### Input for this task
★ ★ ★

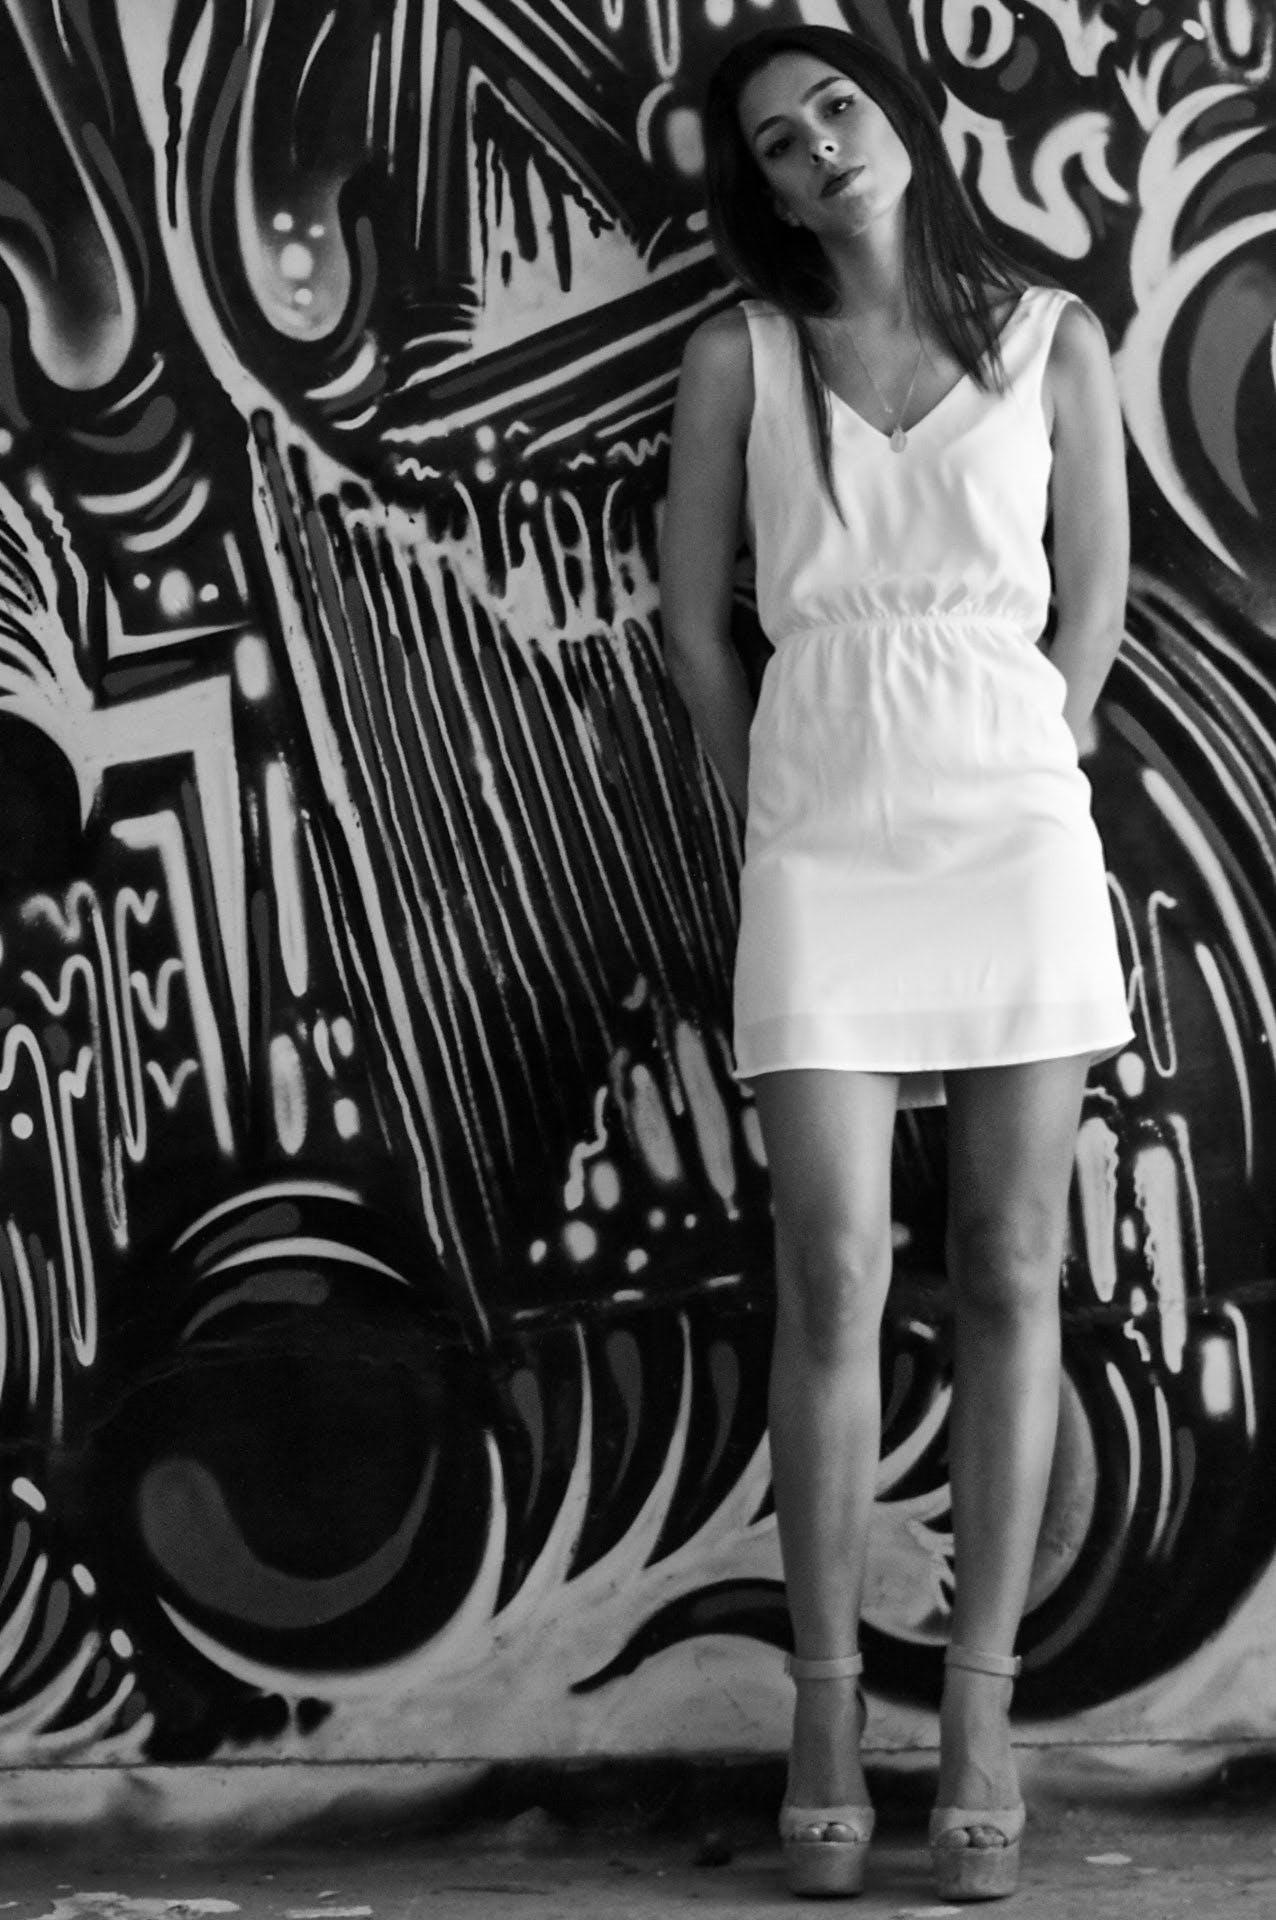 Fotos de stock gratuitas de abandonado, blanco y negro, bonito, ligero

★ ★ ★

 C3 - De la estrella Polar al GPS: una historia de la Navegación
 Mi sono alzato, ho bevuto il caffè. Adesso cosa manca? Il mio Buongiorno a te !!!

★ ★ ★

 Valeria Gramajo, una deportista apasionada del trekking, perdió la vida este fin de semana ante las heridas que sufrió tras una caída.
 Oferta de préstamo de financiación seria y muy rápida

★ ★ ★

### Your task
Would you print exactly and only the lines of the material above that run from the line with "Valeria Gramajo, una" through the line with "Oferta de préstamo", both included?

### Response area
 Valeria Gramajo, una deportista apasionada del trekking, perdió la vida este fin de semana ante las heridas que sufrió tras una caída.
 Oferta de préstamo de financiación seria y muy rápida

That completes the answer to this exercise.